20. Even Odd Tree

A binary tree is named Even-Odd if it meets the following conditions:

• The root of the binary tree is at level index 0, its children are at level index 1, their children are at level index 2, etc.

• For every even-indexed level, all nodes at the level have odd integer values in strictly increasing order (from left to right).

• For every odd-indexed level, all nodes at the level have even integer values in strictly decreasing order (from left to right).
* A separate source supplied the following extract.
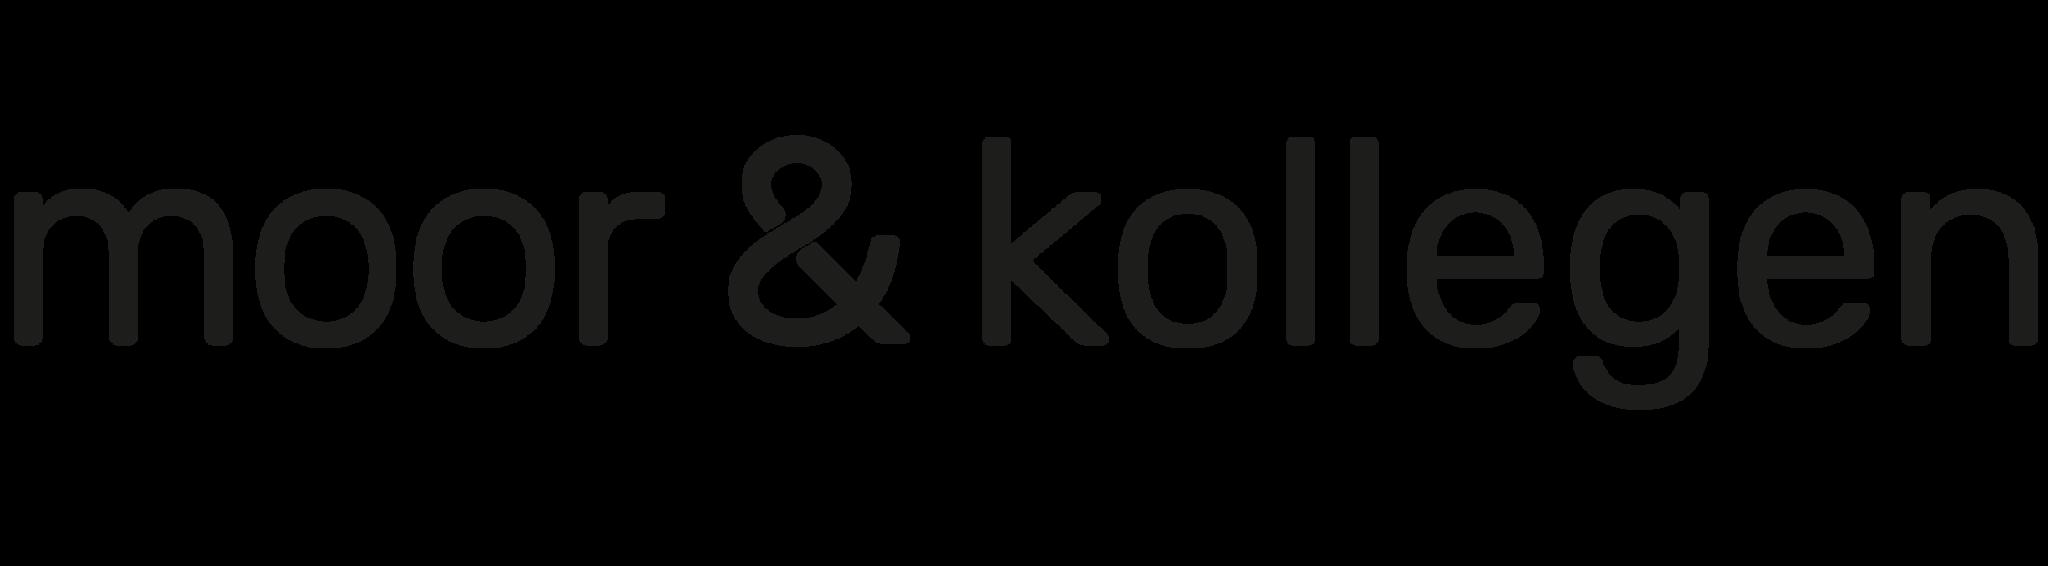 Moor & Schmeller Versicherungsagentur

Given the root of a binary tree, return true if the binary tree is Even-Odd, otherwise return false.

Example 1:

Input: root = [1,10,4,3,null,7,9,12,8,6,null,null,2]
Output: true
Explanation: The node values on each level are:
Level 0: [1]
Level 1: [10,4]
Level 2: [3,7,9]
Level 3: [12,8,6,2]
Since levels 0 and 2 are all odd and increasing, and levels 1 and 3 are all even and decreasing, the tree is Even-Odd.

Example 2:

Input: root = [5,4,2,3,3,7]
Output: false
Explanation: The node values on each level are:
Level 0: [5]
Level 1: [4,2]
Level 2: [3,3,7]
Node values in the level 2 must be in strictly increasing order, so the tree is not Even-Odd.

Example 3:

Input: root = [5,9,1,3,5,7]
Output: false
Explanation: Node values in the level 1 should be even integers.

Example 4:

Input: root = [1]
Output: true

Example 5:

Input: root = [11,8,6,1,3,9,11,30,20,18,16,12,10,4,2,17]
Output: true

Solution: (BFS and Array)

class Solution
{
public:
    bool isEvenOddTree(TreeNode *root)
    {

        queue<TreeNode *> q;
        q.push(root);

        int level = 0;

        while (!q.empty())
        {

            int s = q.size();
            vector<int> v;
            while (s--)
            {
                TreeNode *t = q.front();
                q.pop();
                v.push_back(t->val);
                if (t->left)
                {
                    q.push(t->left);
                }

                if (t->right)
                {
                    q.push(t->right);
                }
            }

            int prev = (level%2==0)? -1 : INT_MAX; 
            for (int i = 0; i < v.size(); i++)
            {
                if (level % 2 == 0)
                {
                    if (v[i] % 2 == 0 || v[i] <= prev)
                    {
                        return false;
                    }
                }

                if (level % 2 != 0)
                {
                    if (v[i] % 2 != 0 || v[i]>=prev)
                    {
                        return false;
                    }
                }

                prev = v[i];
            }
            level++;
        }

        return true;
    }
};

Solution: (Optimized BFS)

class Solution
{
public:
    bool isEvenOddTree(TreeNode *root)
    {

        queue<TreeNode *> q;
        q.push(root);

        int level = 0;
        
        while (!q.empty())
        {

            int s = q.size();
            int prev = (level % 2 == 0) ? -1 : INT_MAX;
            
            while (s--)
            {
                TreeNode *t = q.front();
                q.pop();

                if (t->left)
                {
                    q.push(t->left);
                }

                if (t->right)
                {
                    q.push(t->right);
                }

                if (level % 2 == 0)
                {
                    if (t->val % 2 == 0 || t->val <= prev)
                    {
                        return false;
                    }
                }

                if (level % 2 != 0)
                {
                    if (t->val % 2 != 0 || t->val >= prev)
                    {
                        return false;
                    }
                }

                prev = t->val;
            }

            level++;
        }

        return true;
    }
};